There is no such thing as consensus science. If it’s consensus, it isn’t science. If it’s science, it isn’t consensus. Period. . . .
I would remind you to notice where the claim of consensus is invoked. Consensus is invoked only in situations where the science is not solid enough. Nobody says the consensus of scientists agrees that E=mc2. Nobody says the consensus is that the sun is 93 million miles away. It would never occur to anyone to speak that way. . . .
To an outsider, the most significant innovation in the global warming controversy is the overt reliance that is being placed on models. Back in the days of nuclear winter, computer models were invoked to add weight to a conclusion: “These results are derived with the help of a computer model.” But now large-scale computer models are seen as generating data in themselves. No longer are models judged by how well they reproduce data from the real world — increasingly, models provide the data. As if they were themselves a reality. And indeed they are, when we are projecting forward. There can be no observational data about the year 2100. There are only model runs.
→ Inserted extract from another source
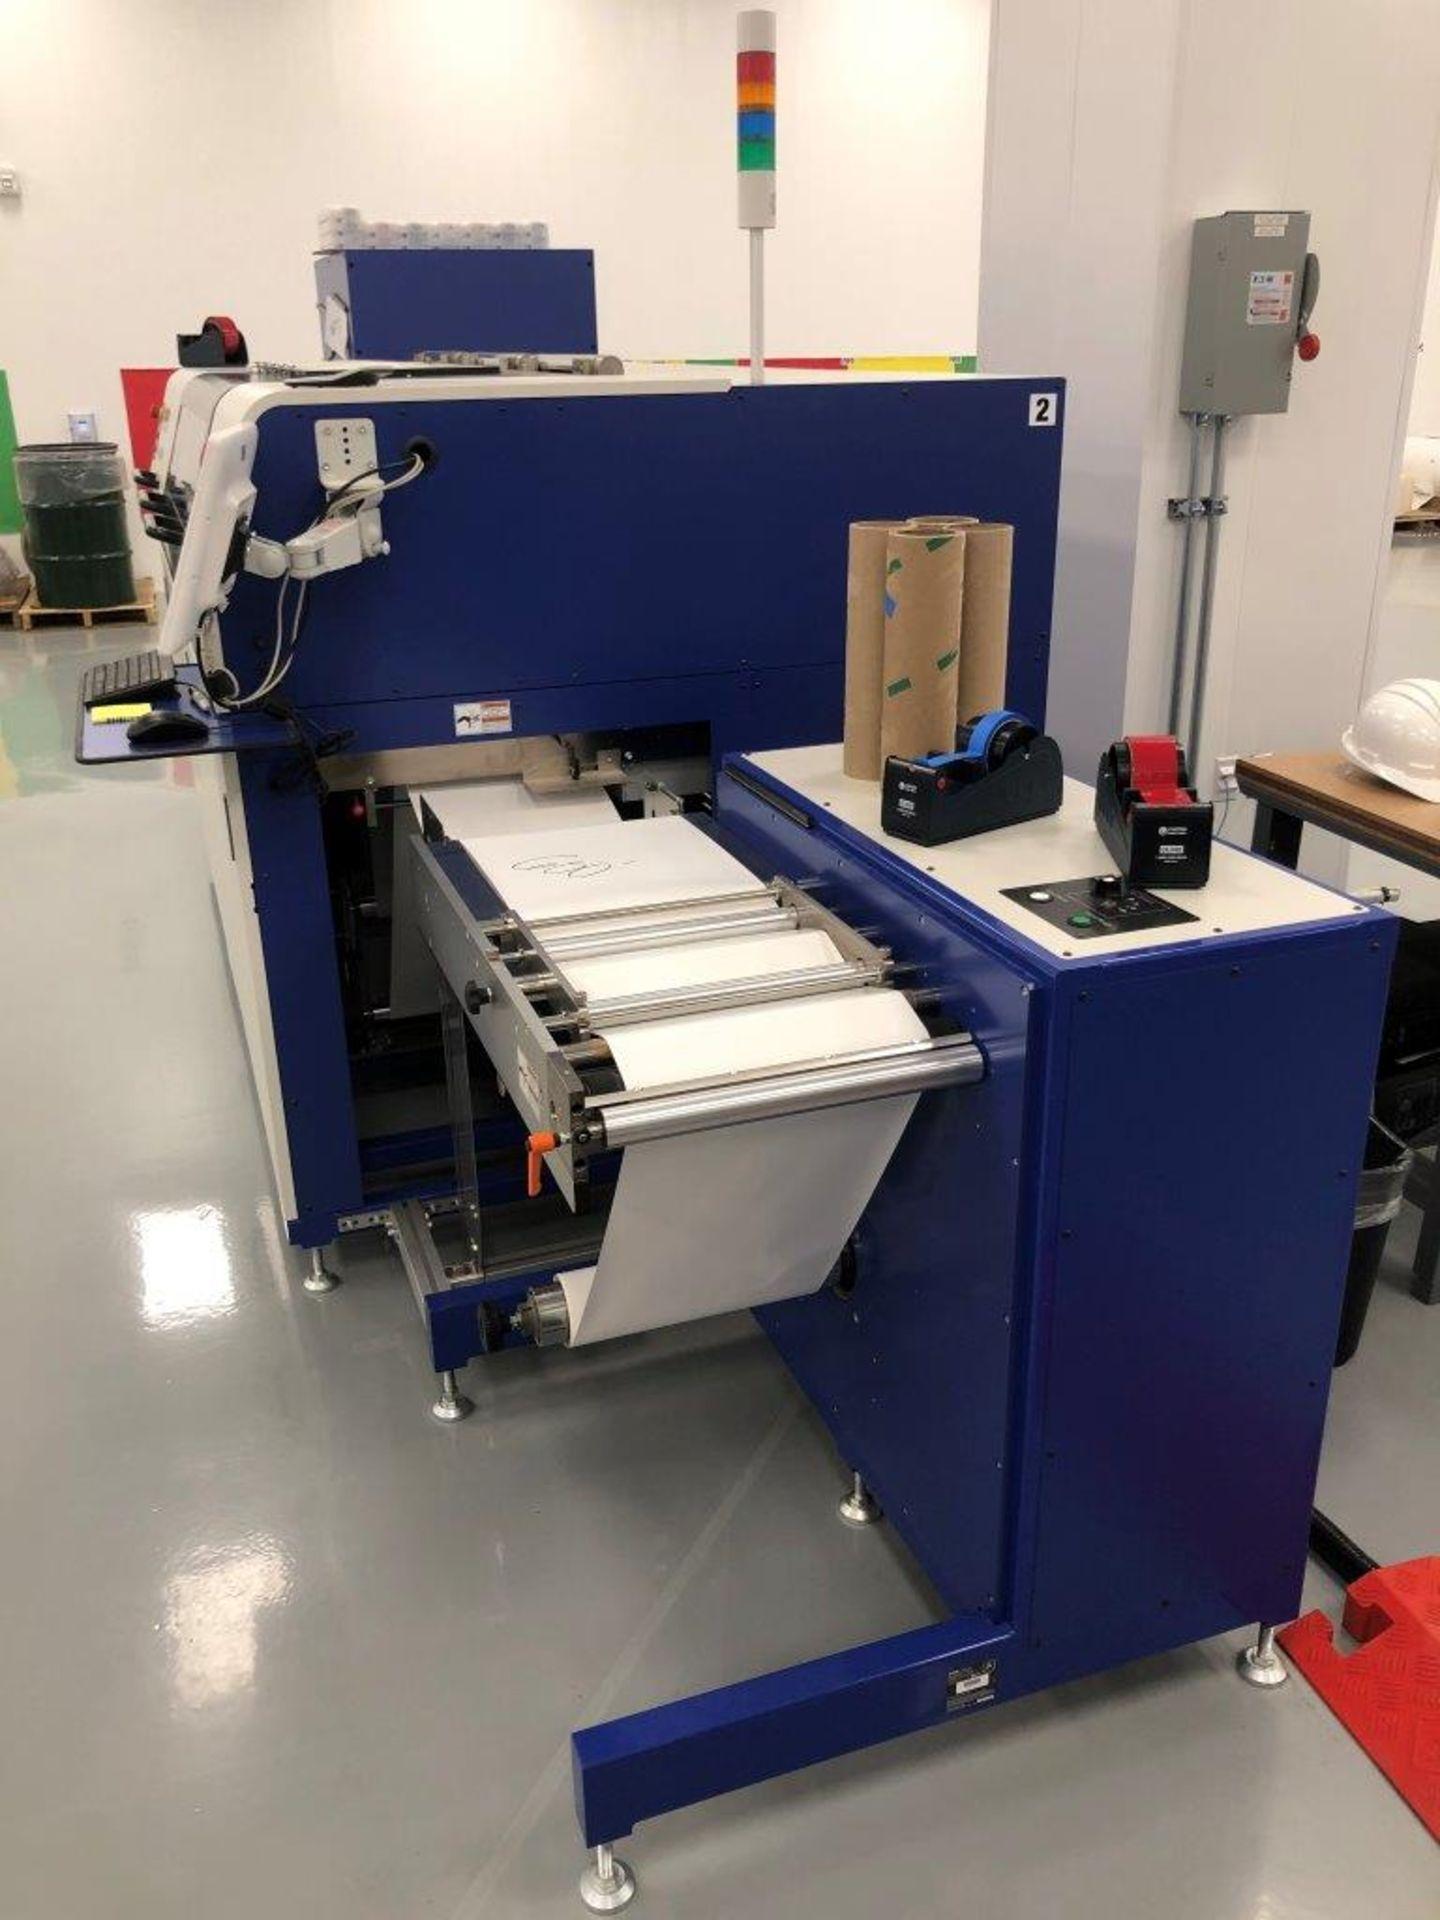 Lot 4 - Epson SurePress Digital Label Press L-4533AW, Model N721A

This fascination with computer models is something I understand very well. Richard Feynman called it a disease. I fear he is right. Because only if you spend a lot of time looking at a computer screen can you arrive at the complex point where the global warming debate now stands.
Nobody believes a weather prediction twelve hours ahead. Now we’re asked to believe a prediction that goes out 100 years into the future? And make financial investments based on that prediction? Has everybody lost their minds?